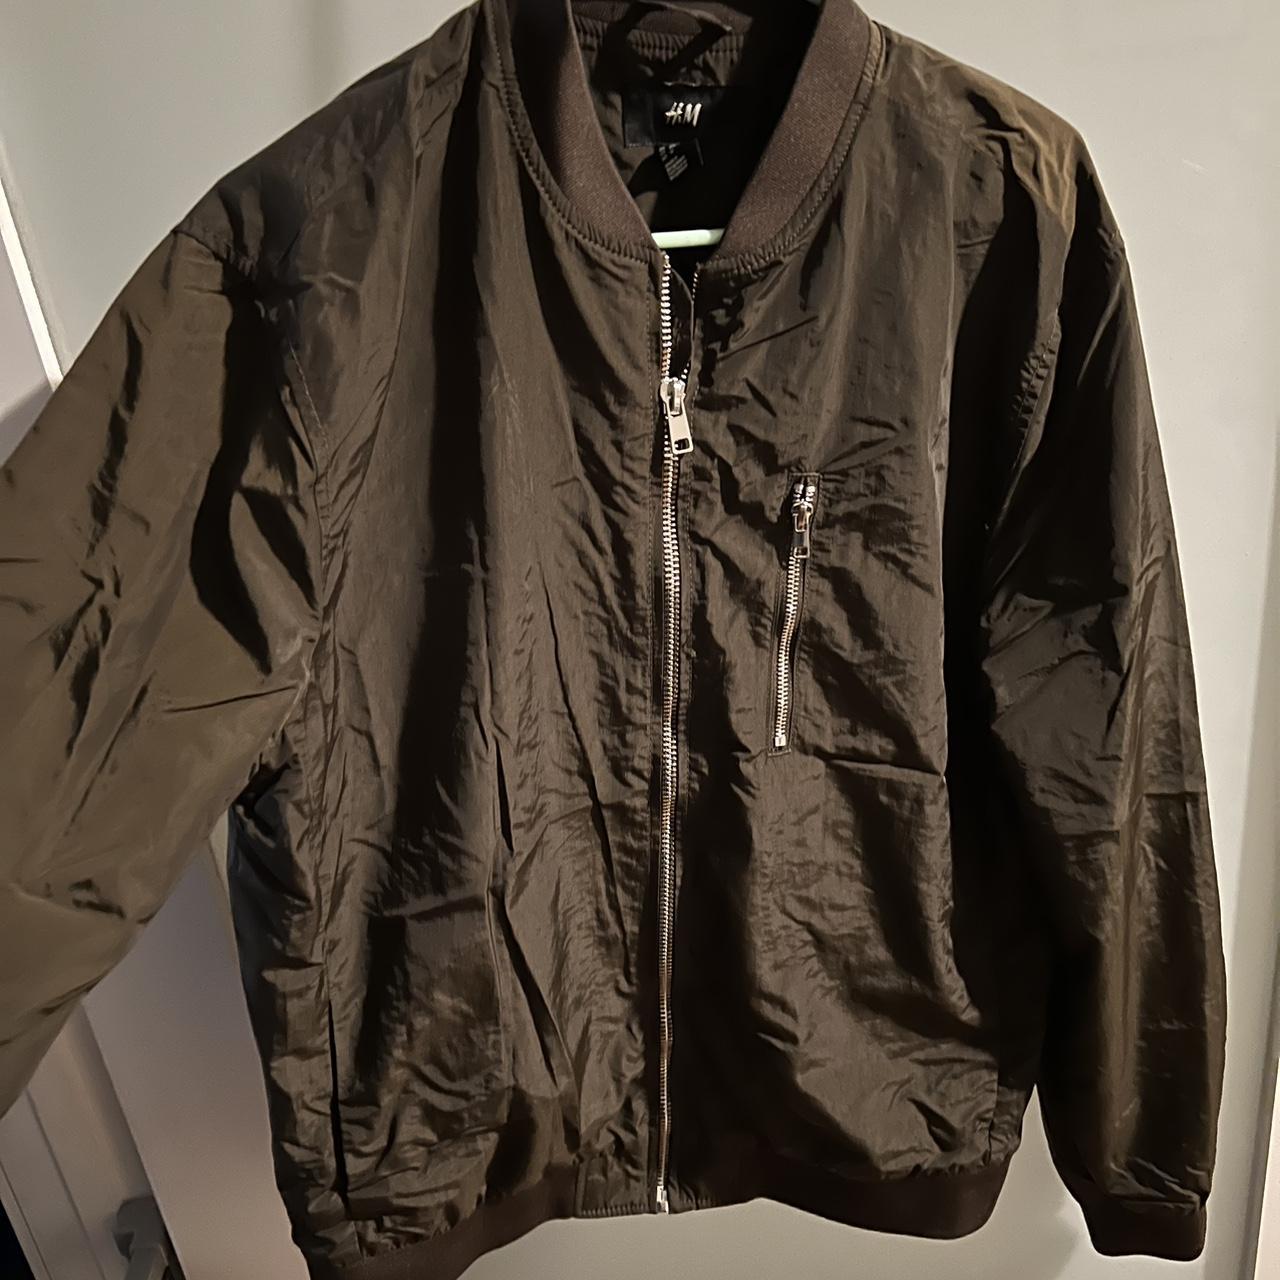 H&M brown bomber jacket. - Depop
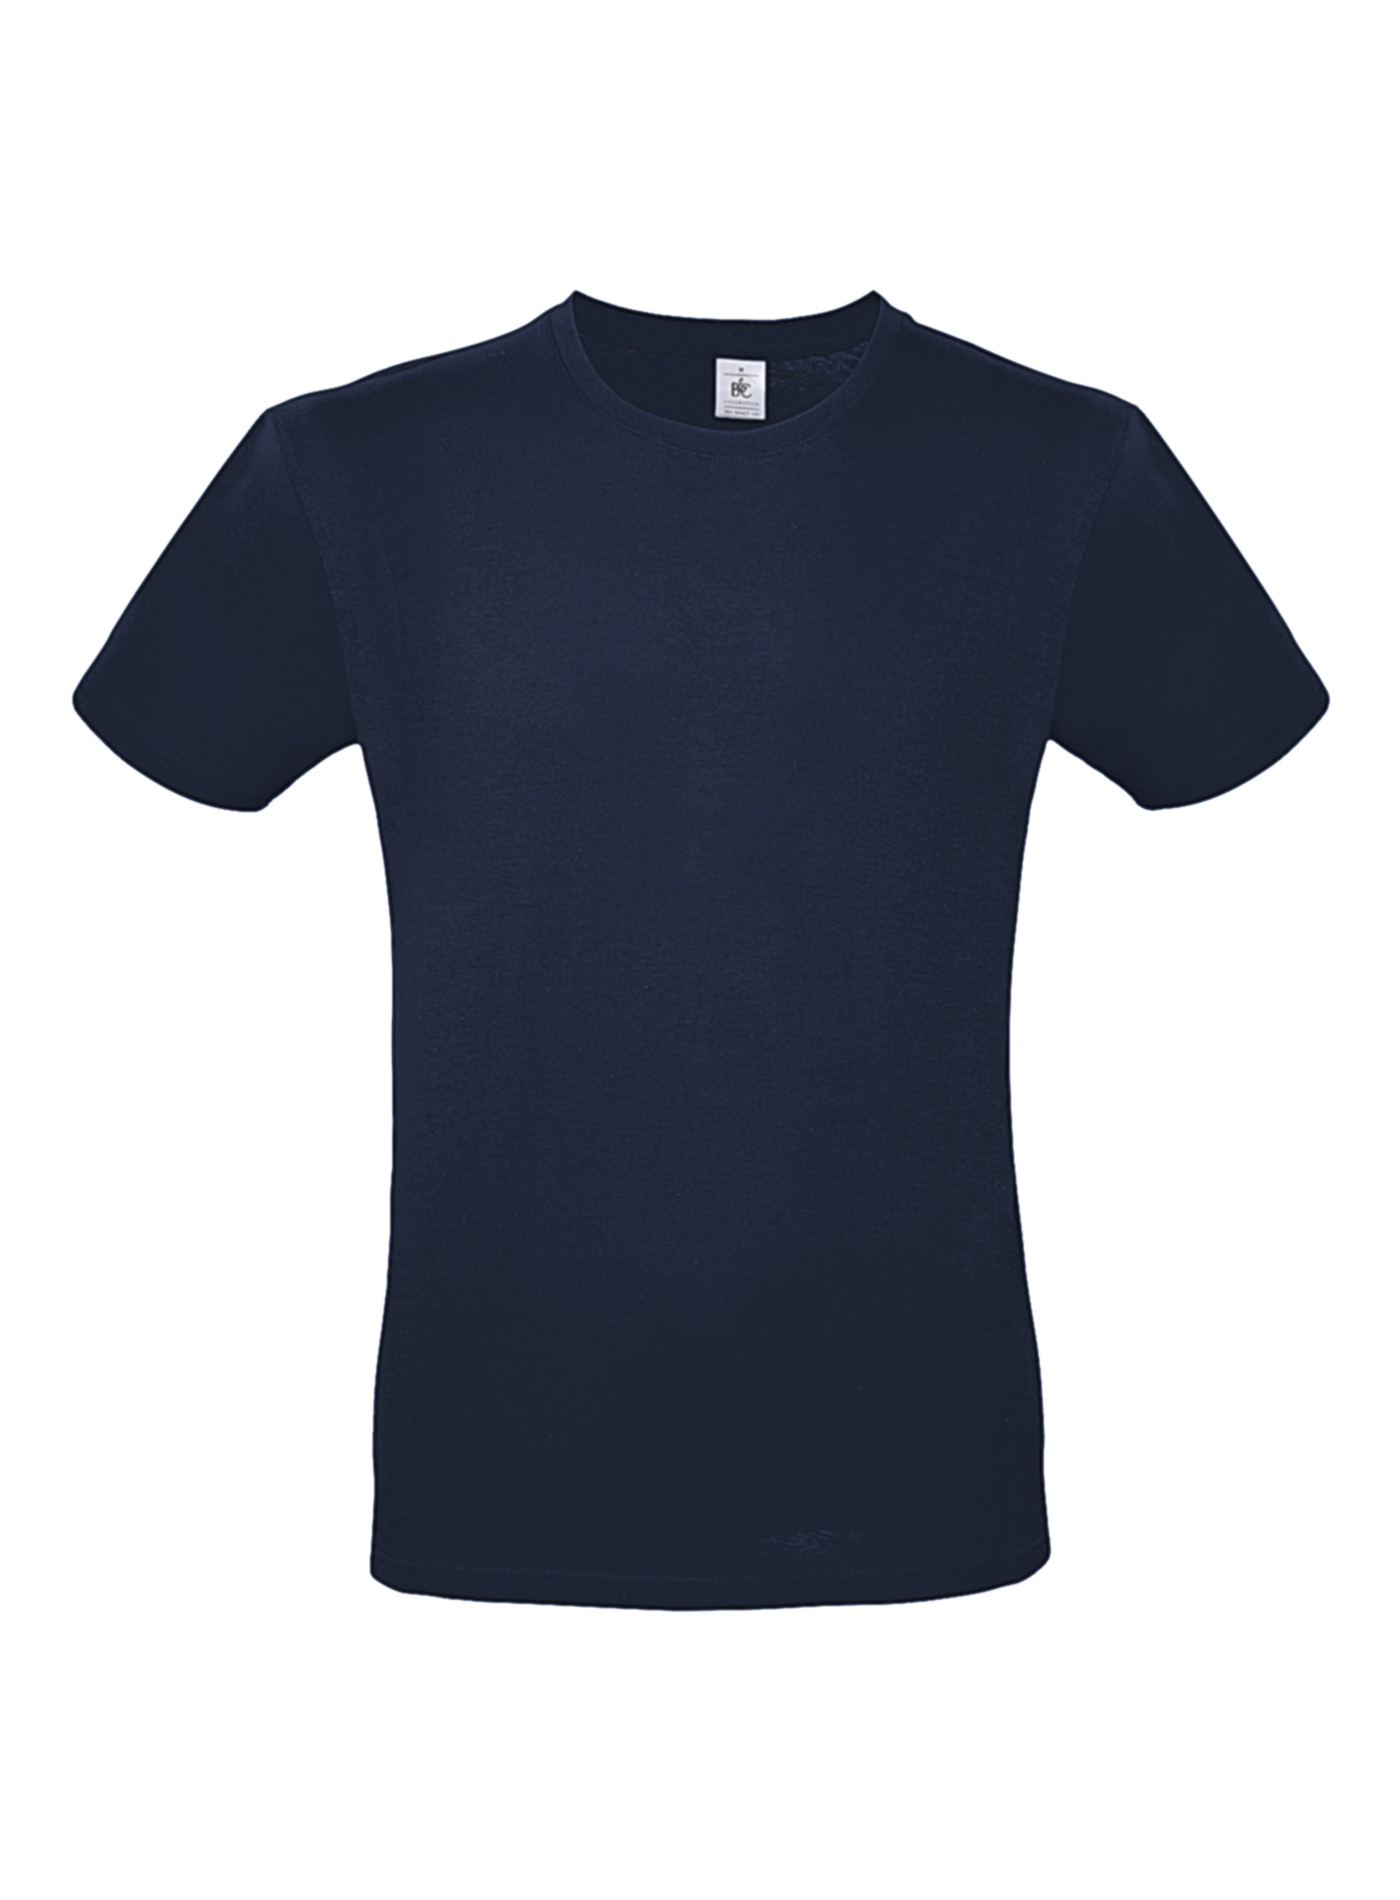 Pánské tričko B&C - Námořní modrá L
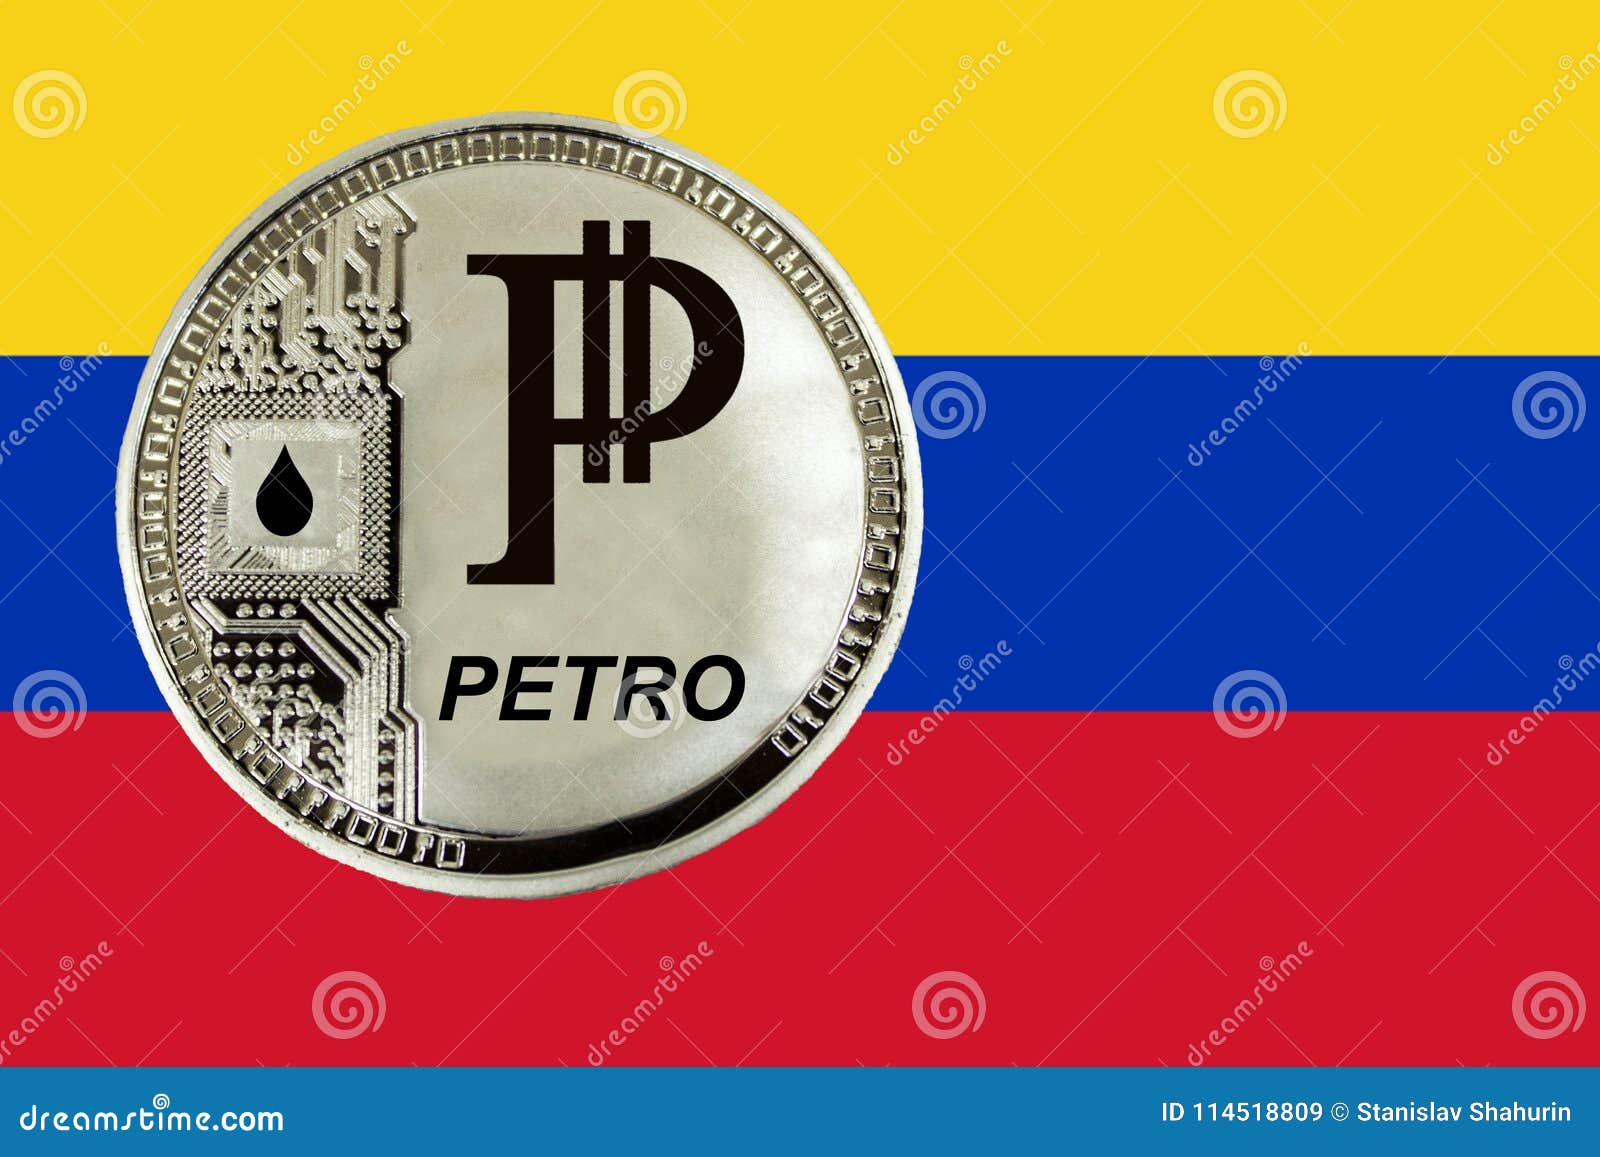 Venezuela crypto petro стоимость биткоина в долларах в 2022 году
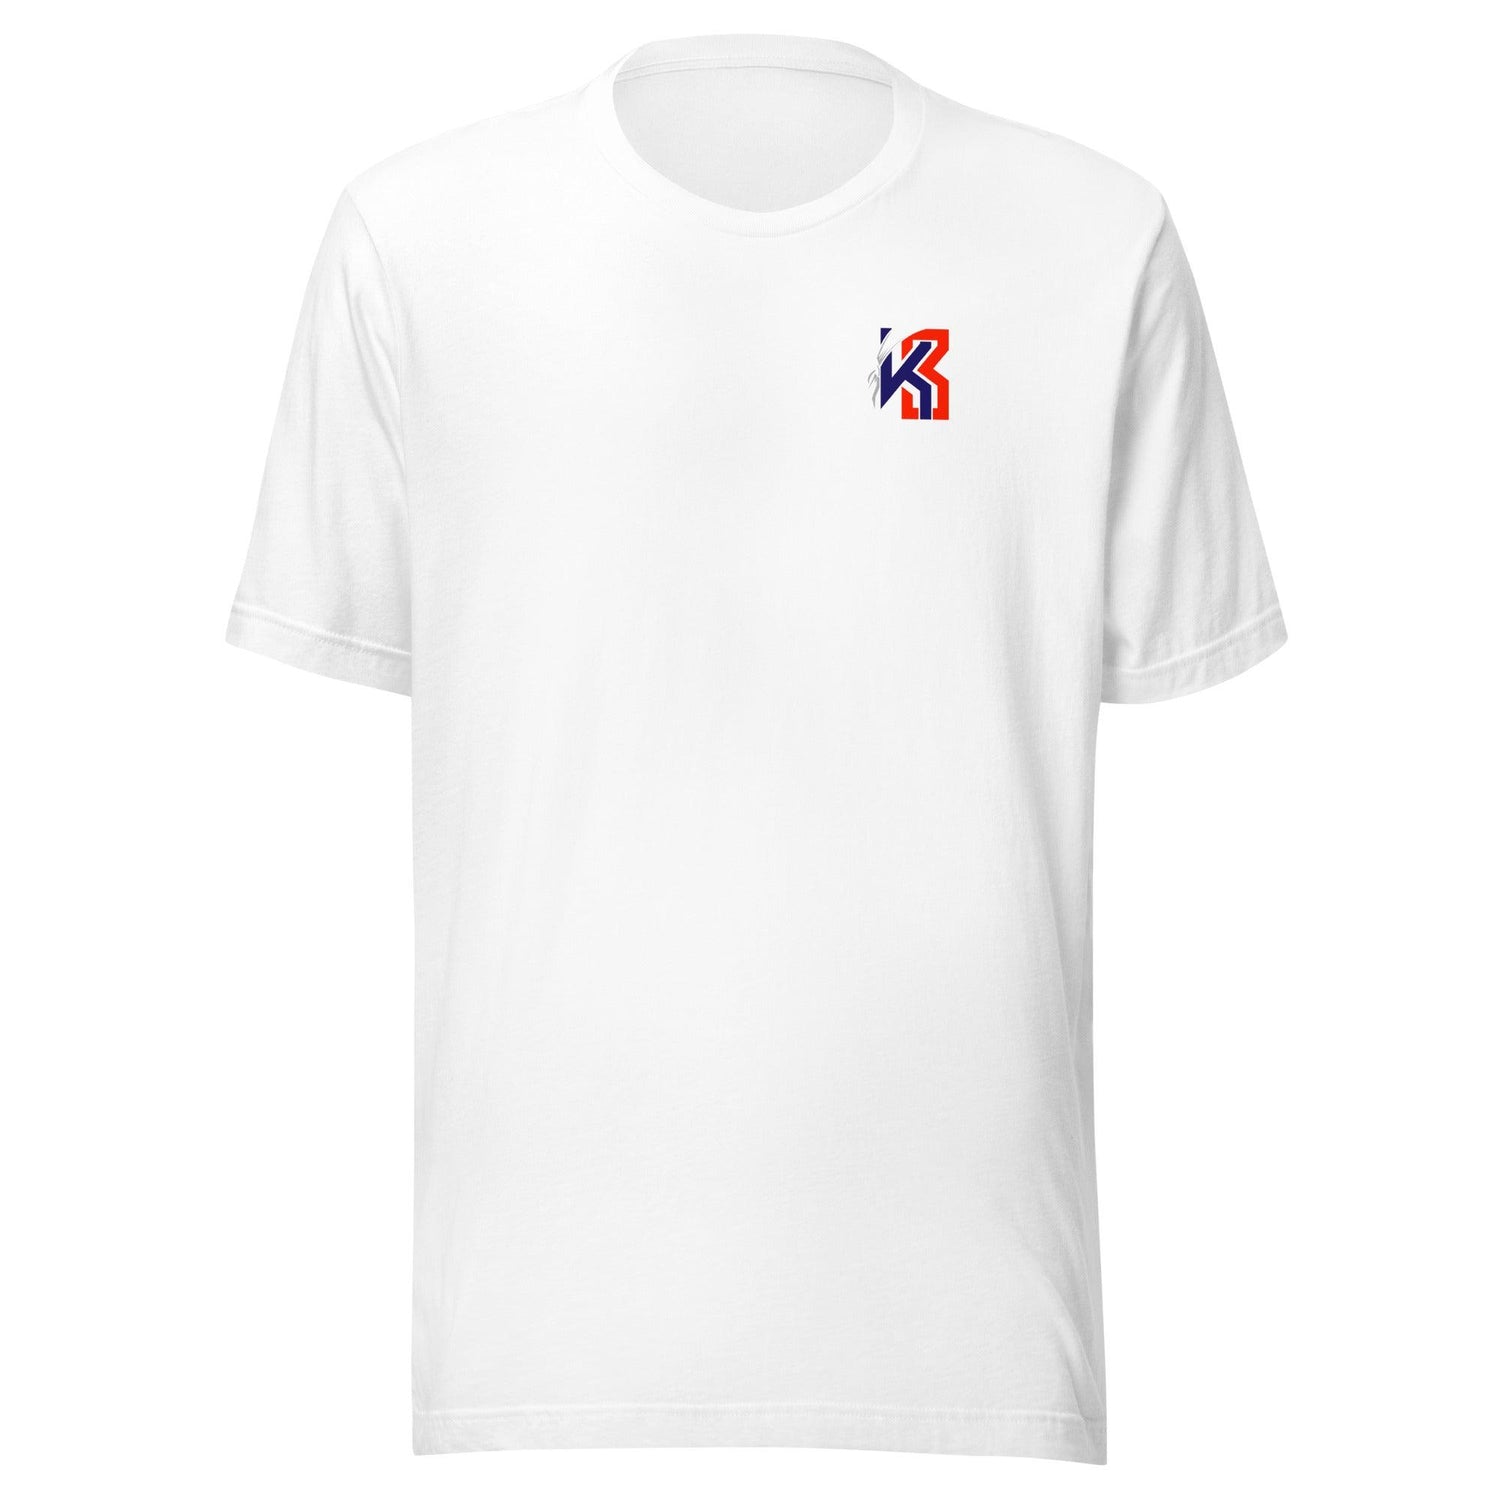 Kenny Bednarek "Track Life" t-shirt - Fan Arch

^^^^

Return each line from the material above exactly, but not the pictures.

 H&M brown bomber jacket. - Depop
 Pánské tričko B&C - Námořní modrá L
 Venezuela crypto petro стоимость биткоина в долларах в 2022 году
 Kenny Bednarek "Track Life" t-shirt - Fan Arch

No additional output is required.